→ **Problem to work on**
Quote the whole listing exactly. Leave the pictures out of your copy.

→ **Dataset section**
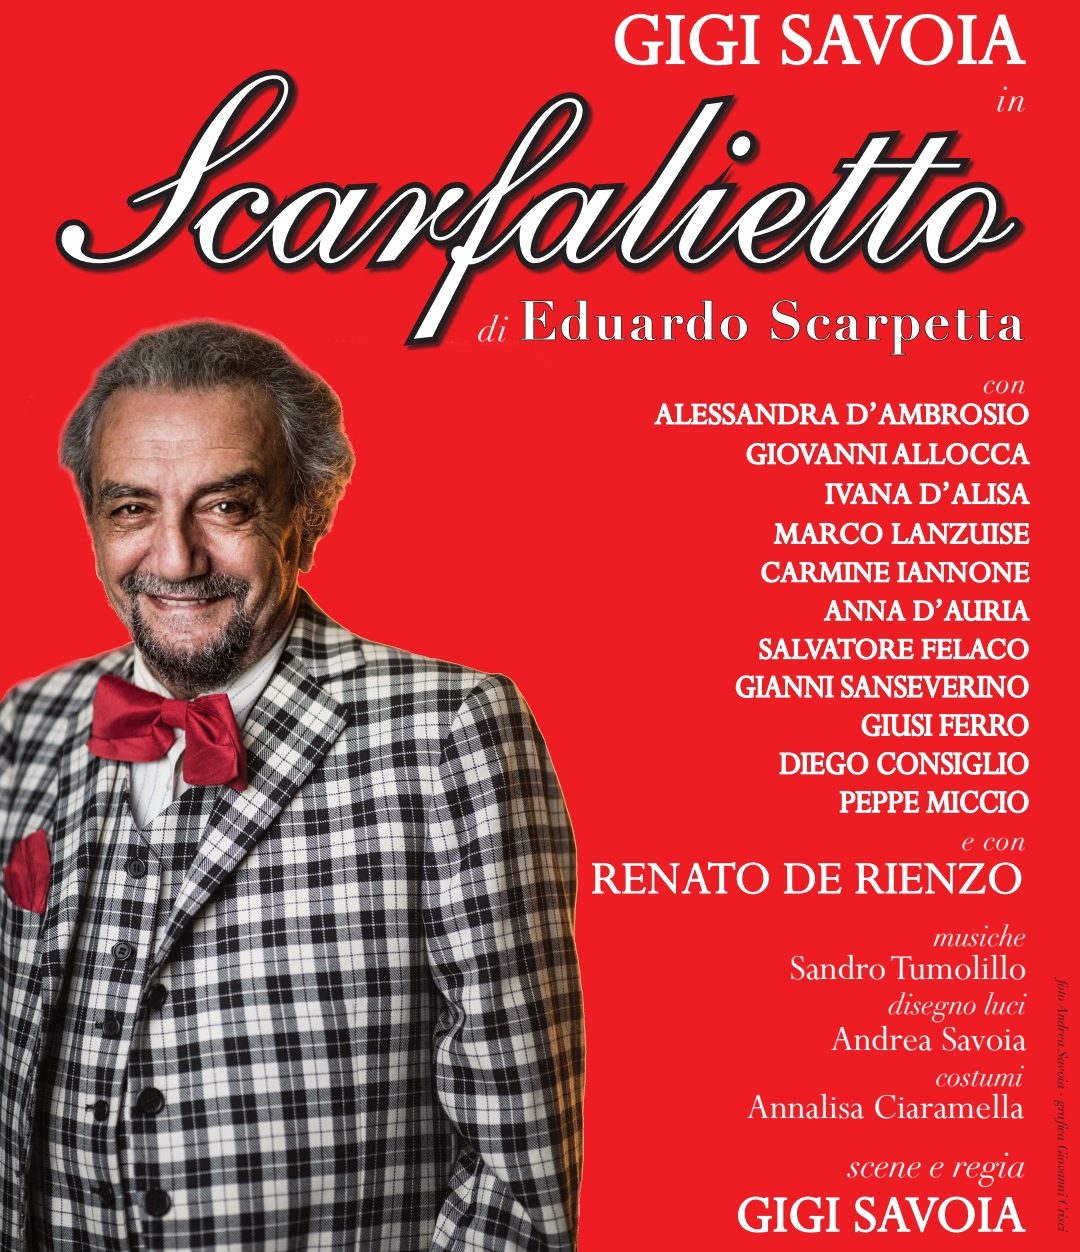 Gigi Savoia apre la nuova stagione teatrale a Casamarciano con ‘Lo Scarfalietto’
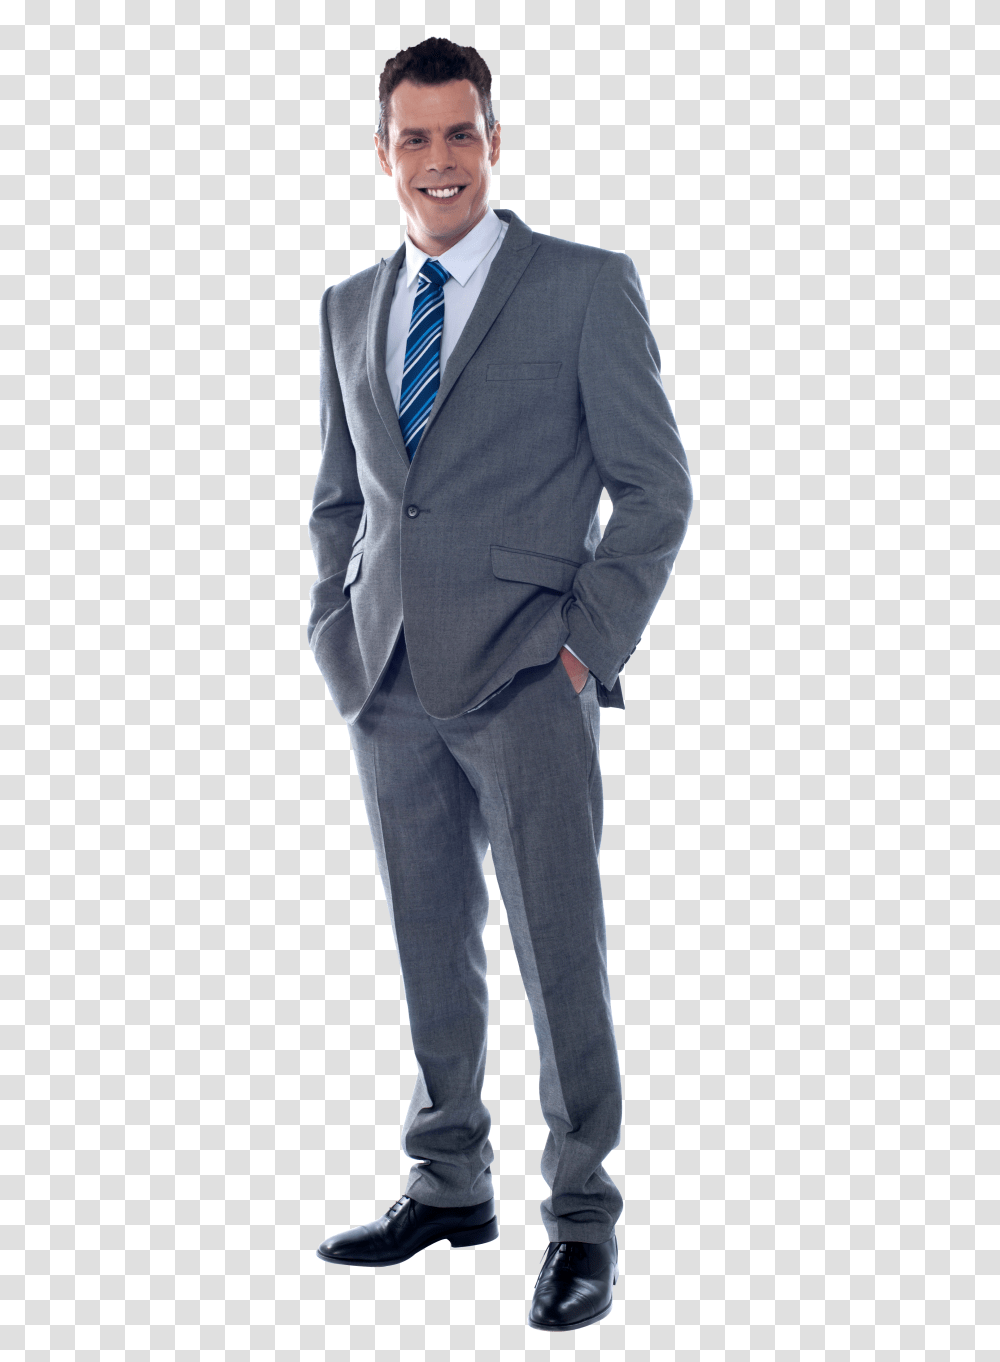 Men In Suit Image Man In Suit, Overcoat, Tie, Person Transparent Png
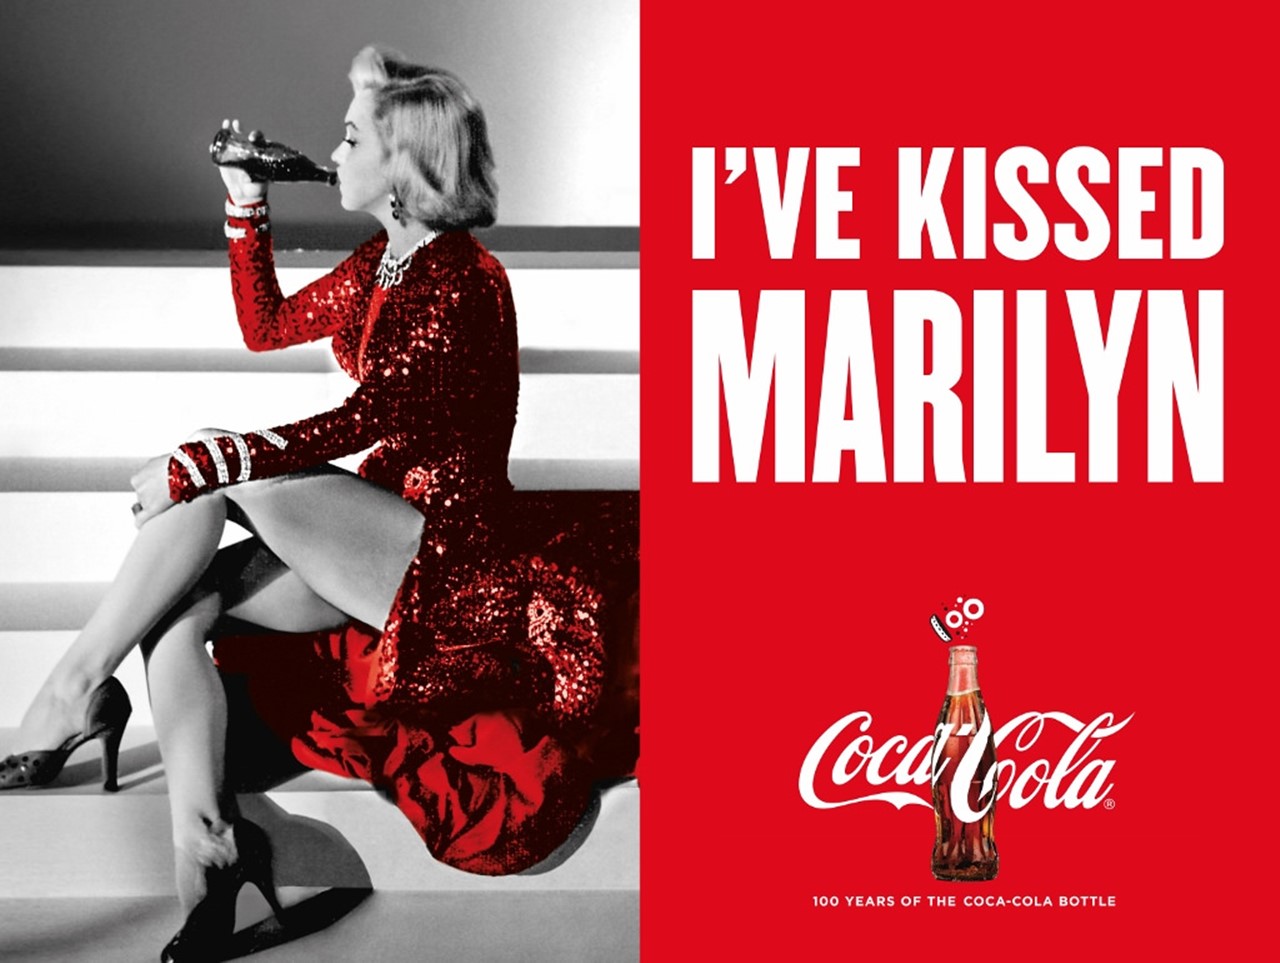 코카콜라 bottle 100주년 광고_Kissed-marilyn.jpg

→ **Output for this exercise**
 Gigi Savoia apre la nuova stagione teatrale a Casamarciano con ‘Lo Scarfalietto’
 Men In Suit Image Man In Suit, Overcoat, Tie, Person Transparent Png
 코카콜라 bottle 100주년 광고_Kissed-marilyn.jpg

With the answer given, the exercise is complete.